Camila A O Dias 1, Ana Paula Borges Gregio 2, Danuza Rossi 3, Fábio Carrilho Galvão 4, Tatiana F Watanabe 5, Myung Hee Park 6, Sandro R Valentini 7, Cleslei F Zanelli 8,
PMCID: PMC3245752  NIHMSID: NIHMS324906  PMID: 21822730

Abstract

eIF5A is highly conserved from archaea to mammals, essential for cell viability and the only protein known to contain the essential amino acid residue hypusine, generated by a unique posttranslational modification. eIF5A was originally identified as a translation initiation factor due to its ability to stimulate the formation of the first peptide bond. However, recent studies have shown that depletion of eIF5A causes a significant decrease in polysome run-off and an increase in the ribosome transit time, suggesting that eIF5A is actually involved in the elongation step of protein synthesis. We have previously shown that the depletion mutant tif51A-3 (eIF5AC39Y/G118D) shows a sicker phenotype when combined with the dominant negative mutant eft2H699K of the elongation factor eEF2. In this study, we used the eIF5AK56A mutant to further investigate the relationship between eIF5A and eEF2. The eIF5AK56A mutant is temperature sensitive and has a defect in protein synthesis, but instead of causing depletion of the eIF5A protein, this mutant has a defect in hypusine modification. Like the mutant tif51A-3, the eIF5AK56A mutant is synthetic sick with the mutant eft2H699K of eEF2. High-copy eEF2 not only improves cell growth of the eIF5AK56A mutant, but also corrects its increased cell size defect.

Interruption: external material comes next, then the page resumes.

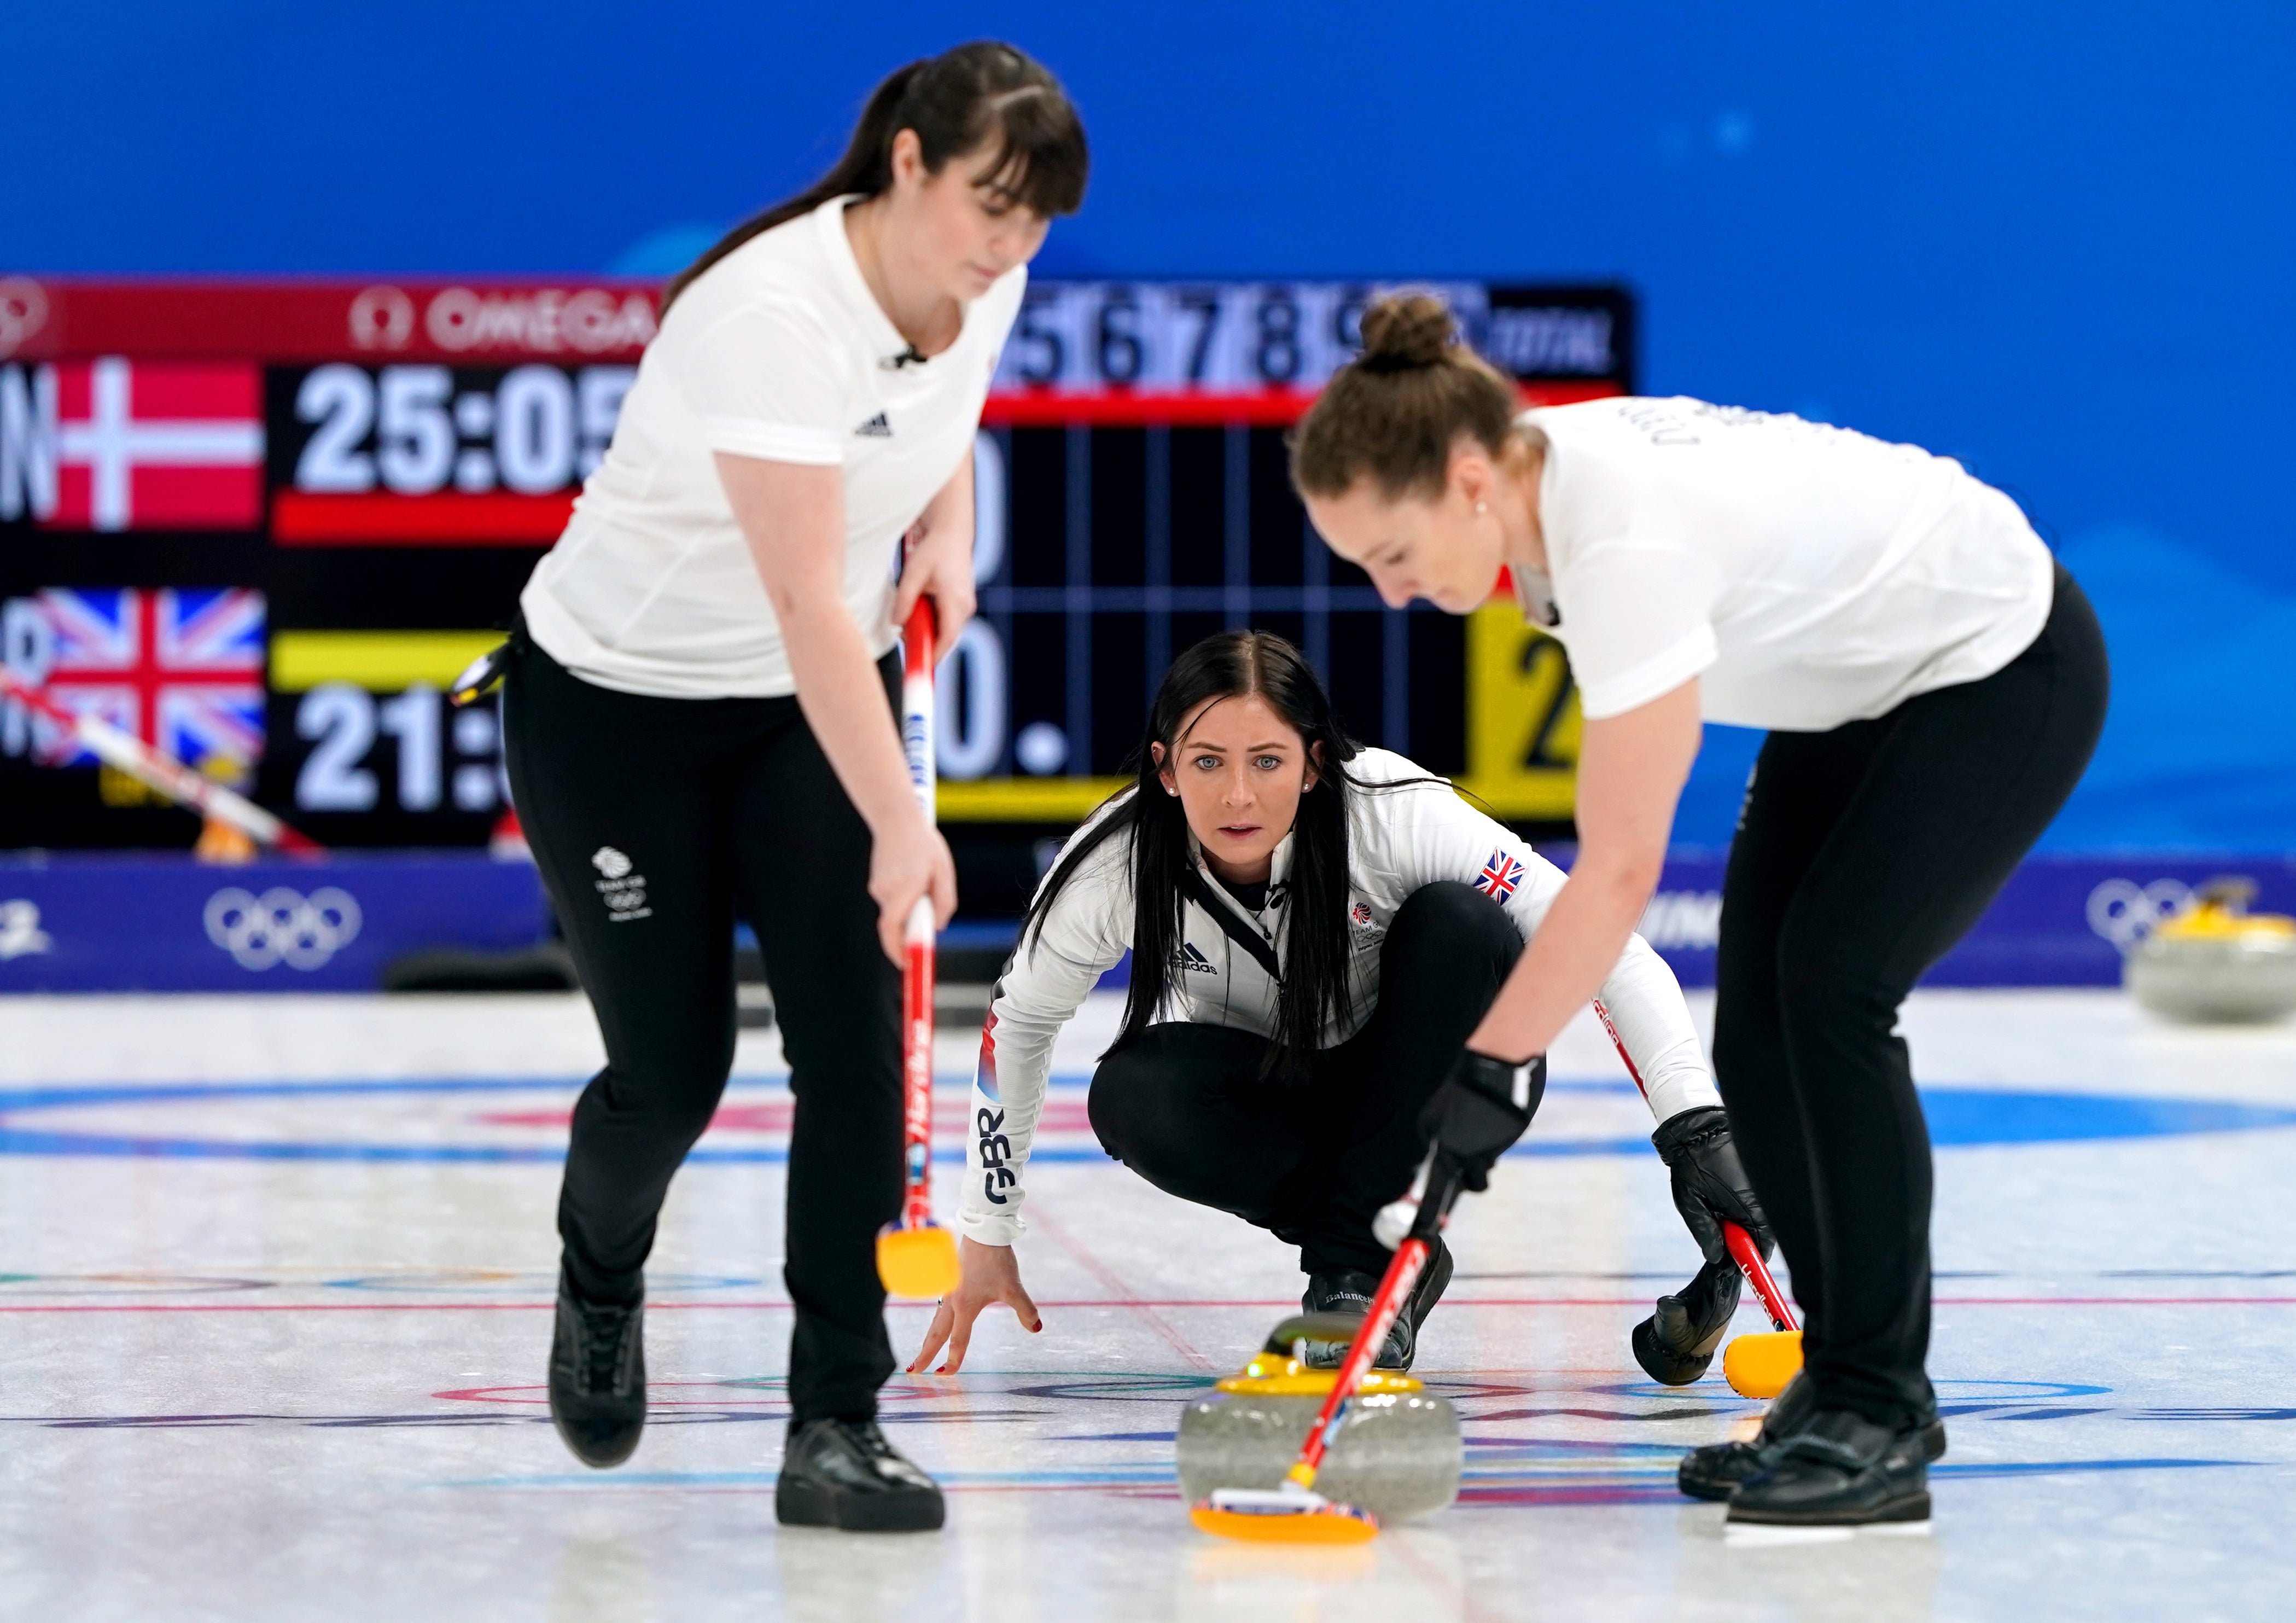 Eve Muirhead’s team scored a second straight win in Beijing (Andrew Milligan/PA)

Moreover, eEF2 suppression of the eIF5AK56A mutant is correlated with the improvement of total protein synthesis and with the increased resistance to the protein synthesis inhibitor hygromycin B. Finally, the polysome profile defect of the eIF5AK56A mutant is largely corrected by high-copy eEF2. Therefore, these results demonstrate that eIF5A is closely related to eEF2 function during translation elongation.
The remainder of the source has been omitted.